There have been a number of companies with significant budget and resources, who have attempted artificial intelligence and machine learning projects, only to have them fail to deliver a return on investment. Prof. Dr. Thomas Hofmann has a unique background in artificial intelligence that spans from academia (ETH) to multinational companies (former director at Google) to startups (CTO of 1plusX, co-founder Recommind). He shares his thoughts on what traits companies have that enable them to get a return on investment for their AI initiatives.

STRATEGY

How important is it for executives to be familiar with AI and how it works?

AI technologies have shown to be widely applicable across many domains and industries. However, this does not mean that they will always work out-of-the-box. One thing that AI systems need for sure is data: the right data and a lot of it. Otherwise it is garbage in, garbage out. Gathering data across the enterprise and possibly enriching them through data alliances and third party data is thus one aspect that is important for executives to understand, because it ties into strategic questions, partnerships and the like. Another aspect that is important to understand is that building AI solutions is not a one-off project, but an ongoing endeavor that requires continuous work. Executives should have enough understanding of the workings of AI to create and maintain healthy teams and practices.

Are there business models that are particularly well-suited for AI companies / projects?

A real AI company is driven by meaningful metrics, which provide guidance all along the development process and operations: from idea sourcing to deployment. In a B2B context, this means that we will see more and more business models that are metrics and performance oriented. This also sets the right incentives for providers of AI services and allows them to tune their systems for maximal performance.

Should companies treat AI projects as experimental research and development, where they must set and accept some degree of risk of failure?

Yes and no. If one reads “experimental” as in: not committing significant resources to the project, then “no”. One can for instance, not easily test AI at a small scale and then scale it up. Without a critical amount of data and computational power, one may underestimate its true potential. On the other hand, it is true that the success of AI projects are often hard to predict. In this sense, one cannot always expect a positive outcome, but may have to experiment with different setups and methods. In general, experimentation for incremental and continuous improvements are a key feature of data-driven methods.

ORGANIZATION

Are there executives who are best-suited for overseeing AI and ML initiatives? CTOs? Chief Innovation officers? Chief Product Officers?

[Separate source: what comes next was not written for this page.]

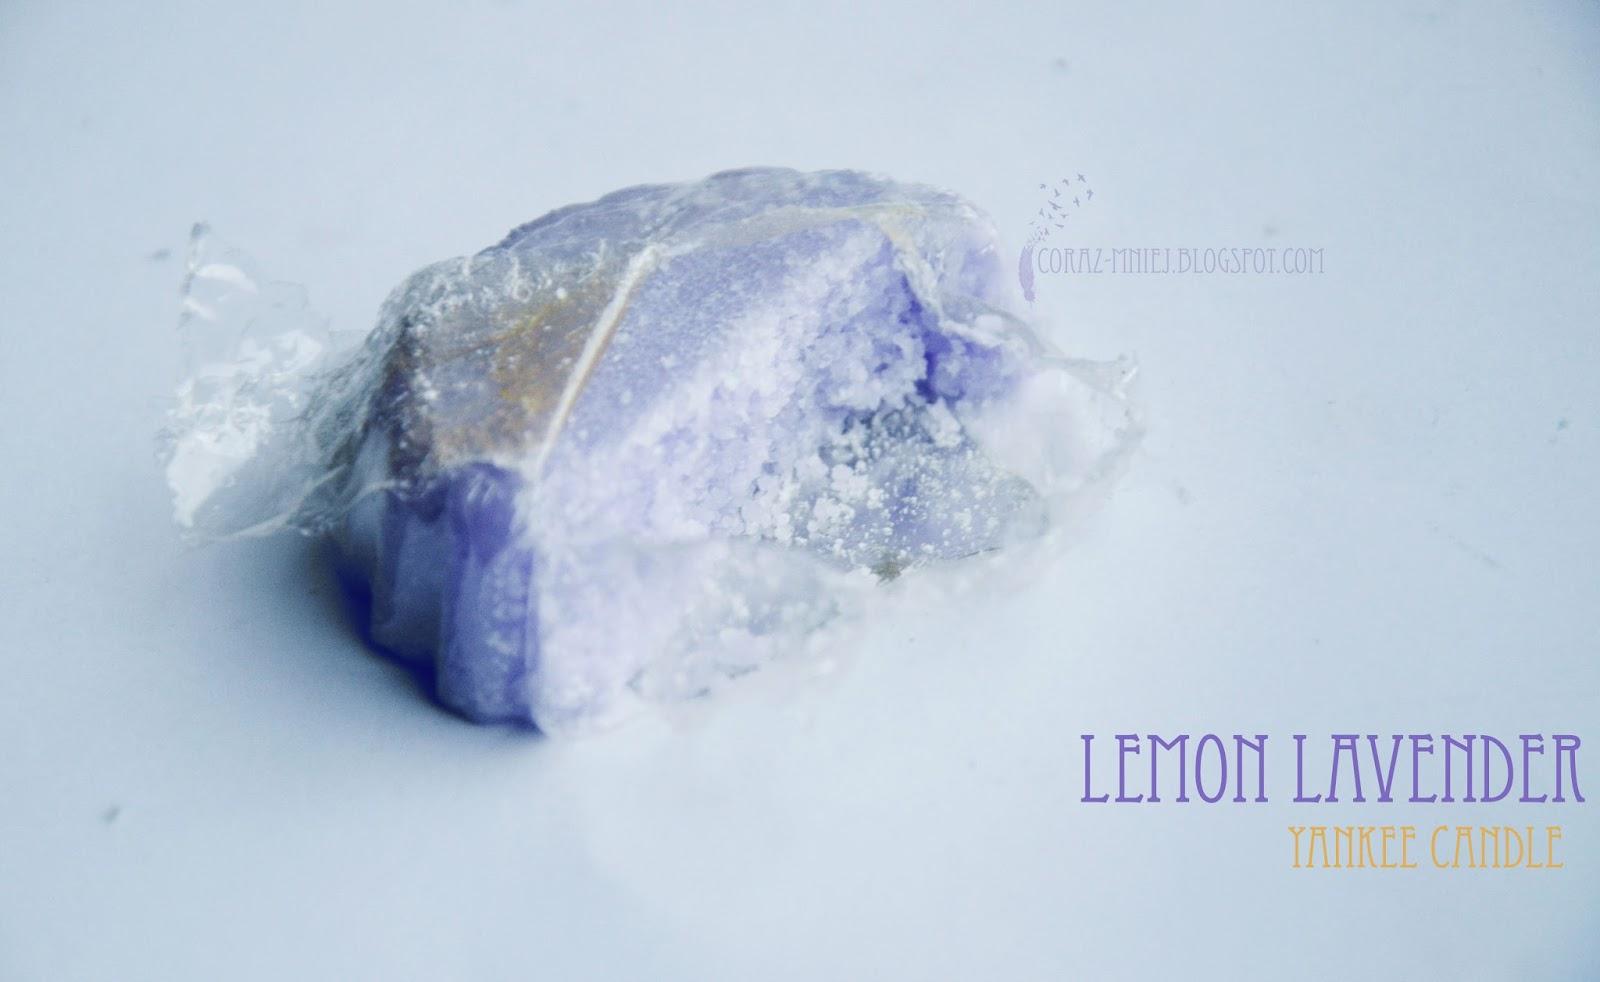 Yankee-candle-lemon-lavender

Suitability depends not so much on the designation, but rather on the experience and skills of the person, and at a second level, their ability to exert the necessary influence within the company. It is not easy to make good judgement calls, one needs deep analytic capabilities to get to the bottom of issues. Additionally, leadership skills are essential in convincing others to make — often disruptive — changes to business models, product development, and company culture.

Should all companies have AI departments? Are there reasons why a company should *not* build and instead go the buy route?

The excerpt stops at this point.